With the addition of the episodic buffer, the model of Baddeley (2000) became somewhat similar to that of Cowan, 1988, Cowan, 1999 because Baddeley’s episodic buffer took on some of the same qualities as Cowan’s focus of attention, including retention of information that is neither purely phonological nor purely visual or spatial. The models are distinguishable, however, in at least three ways. First, Cowan saw the retention of items that are visual or spatial in nature as dependent on the focus of attention because visual “rehearsal,” or refreshment, is assumed not to be semi-automated, even in adults, unlike verbal rehearsal. Therefore, in contrast with Baddeley’s models, Cowan’s model anticipates a close relation between the central executive components and visual-spatial tasks, the latter being subsumed under the focus of attention. Second, Cowan’s model also predicts that it is possible for a verbal stimulus set to be subsumed by the focus of attention when verbal rehearsal is impossible. Such is the case for running digit span, in which digits are presented in a list of unpredictable length; that unpredictability appears to make mnemonic strategies such as rehearsal futile (Cowan et al., 2005, Hockey, 1973) and does not seem to allow much updating, either (Broadway and Engle, 2010, Elosúa and Ruiz, 2008); therefore, this kind of task is quite dependent on attention at the time of recall (Bunting, Cowan, & Colflesh, 2008). Baddeley’s (2000) model would not predict that this purely verbal stimulus type would load with visual-spatial tasks under the focus of attention, but rather would predict that its phonological nature would be the overriding characteristic and thus that the task would load on the phonological loop factor. Third, although Baddeley’s episodic buffer took on some of the functions of Cowan’s focus of attention, they are not the same. According to Baddeley (2007), information that involves the binding of information from diverse sources should load on the episodic buffer. According to Cowan, both types of information should be ascribed to Cowan’s focus of attention (e.g., Cowan, 2005). Accordingly, our measures included tasks that could test these differences between the theoretical models.

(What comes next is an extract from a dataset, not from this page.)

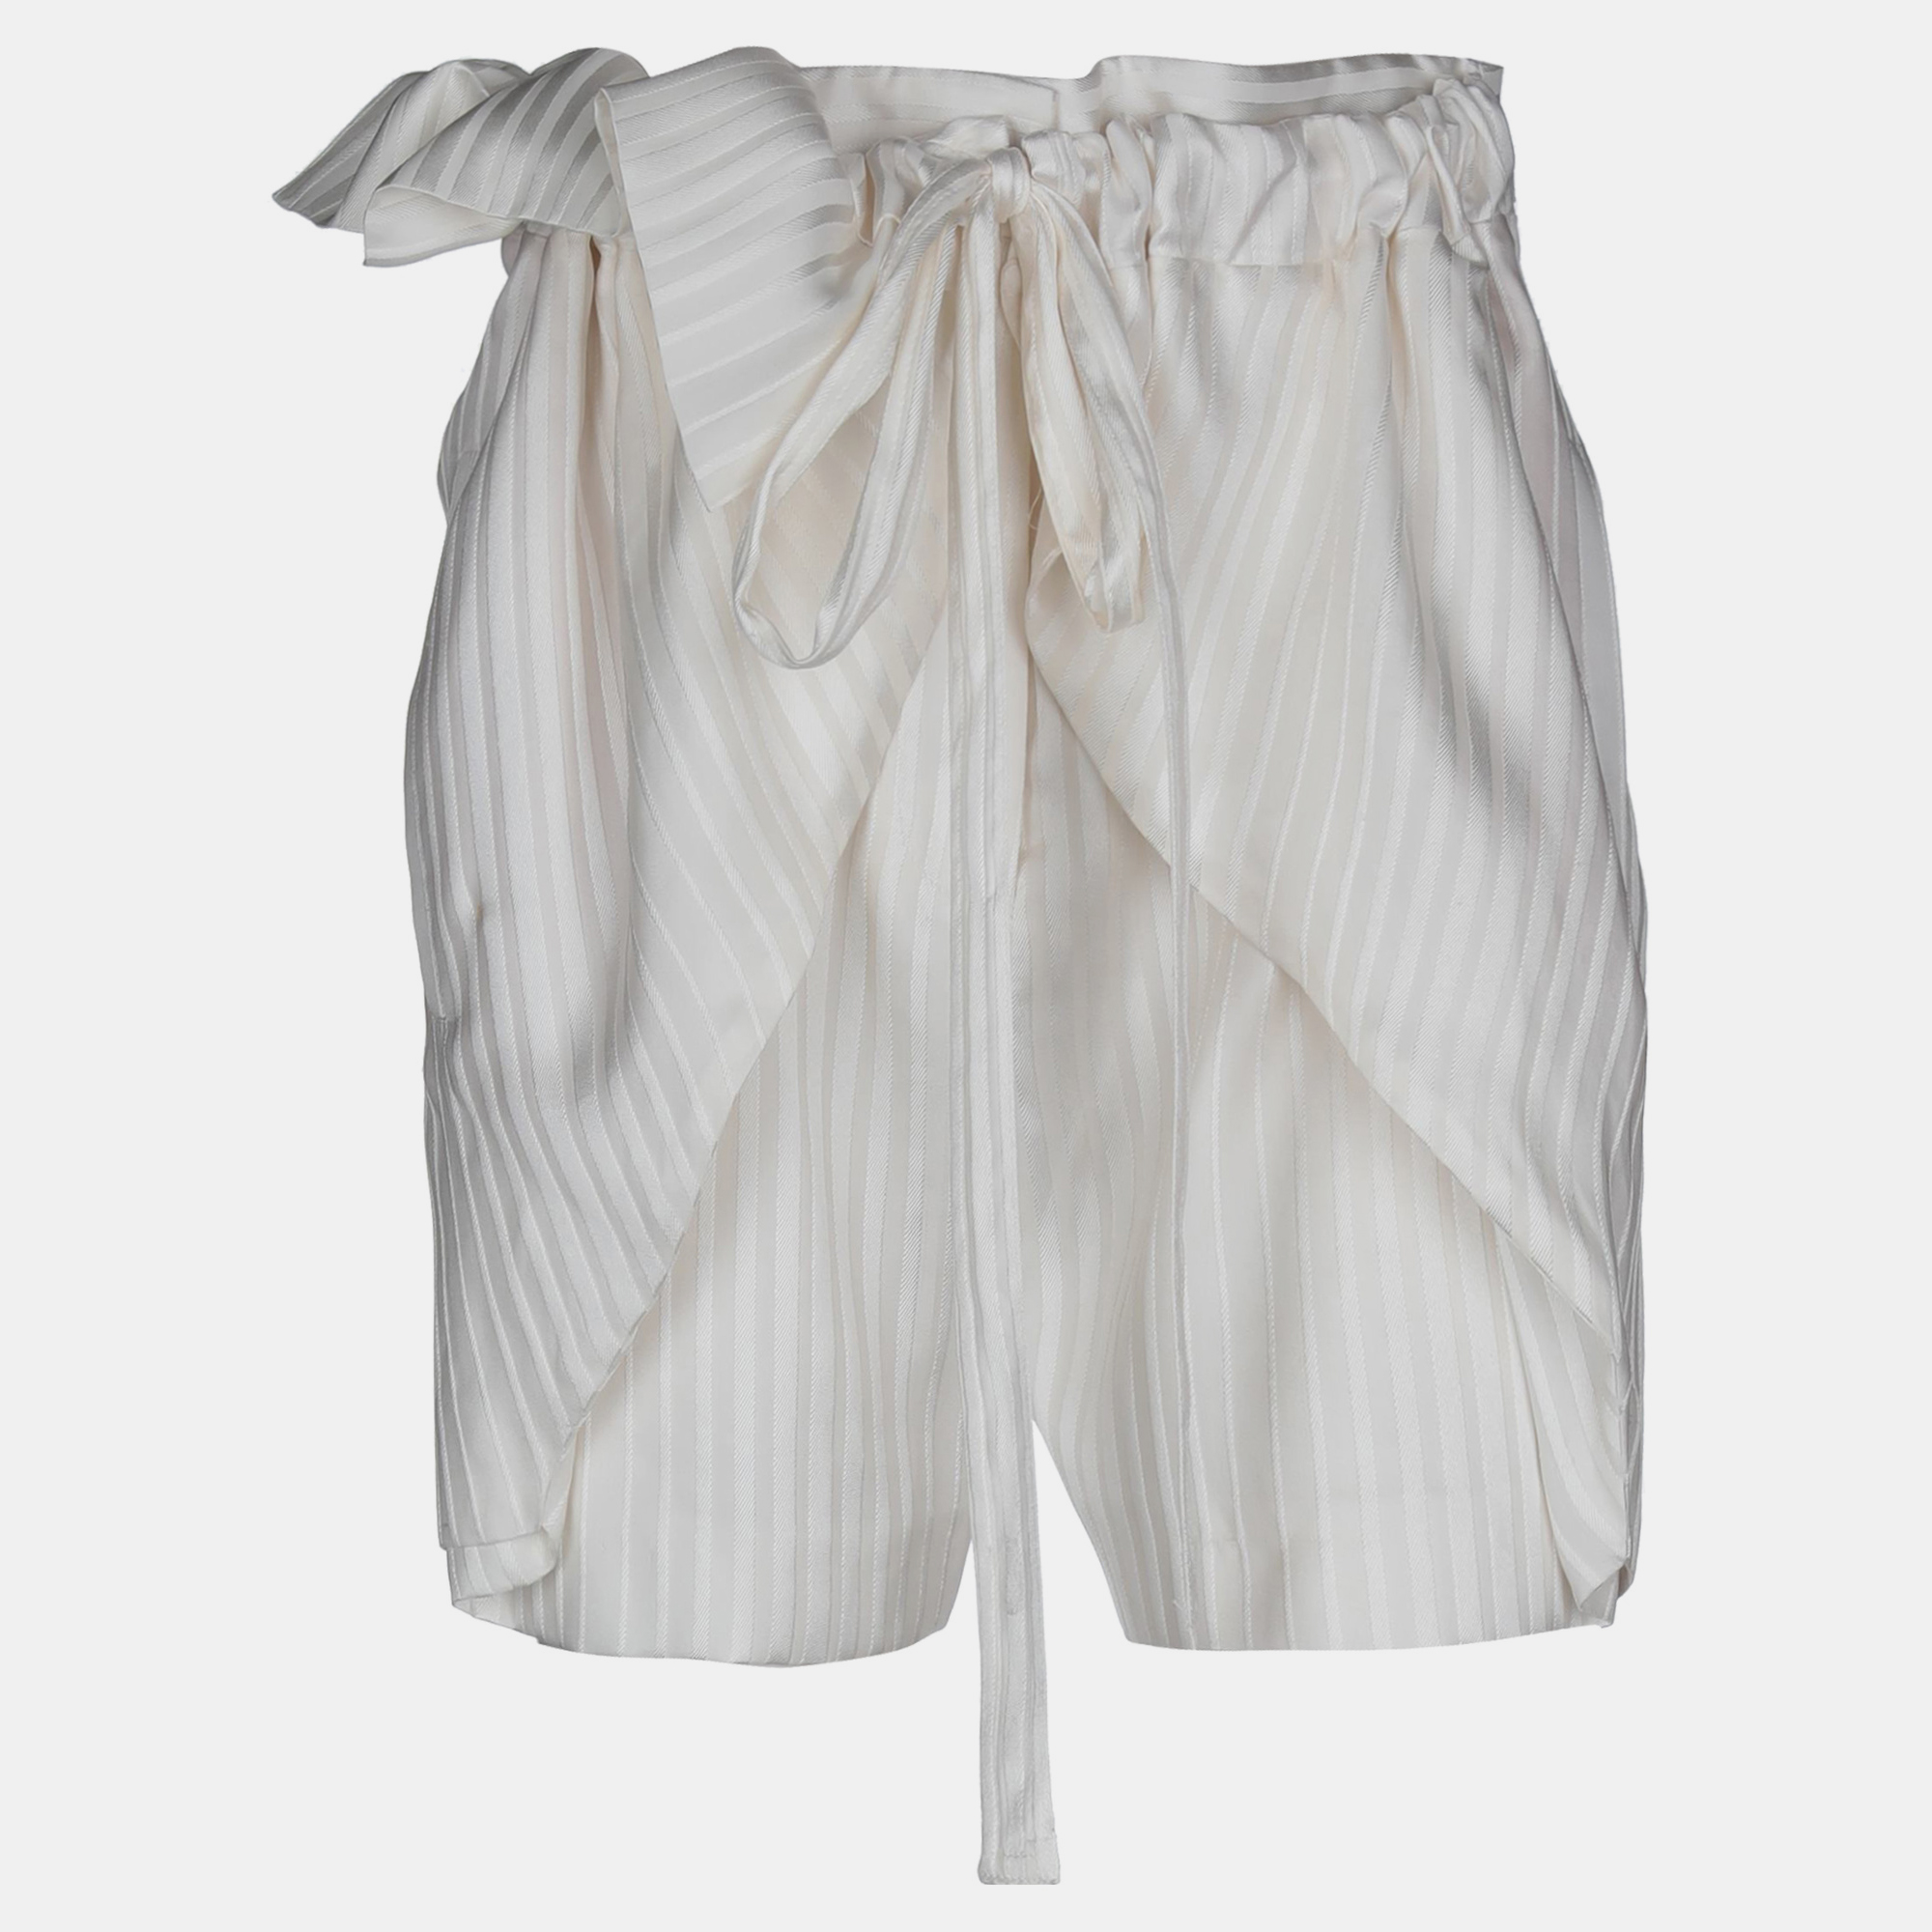 Stella mccartney silk shorts 38

After determining the best-fitting working memory model we then added subtests from the Nonverbal Scale of the Kaufman Assessment Battery for Children – Second Edition (KABC-2; Kaufman & Kaufman, 2004) to assess the relationship between working memory factors, Gf and Gv. The addition of Gv allowed us to evaluate the differential predictability of the two intelligence factors from the working memory factors.

Our study also allowed a distinction between the roles of working memory storage in general, versus the focus of attention as a storage device. If storage drives the relationship between working memory and Gf, we would expect each of the working memory factors to be significant predictors of Gf because each includes storage tasks. Conversely, if the focus of attention as a special kind of storage device drives the relationship between working memory and Gf, we would expect a stronger relationship between the focus of attention factor and Gf than between the central executive and phonological storage and rehearsal factors and Gf.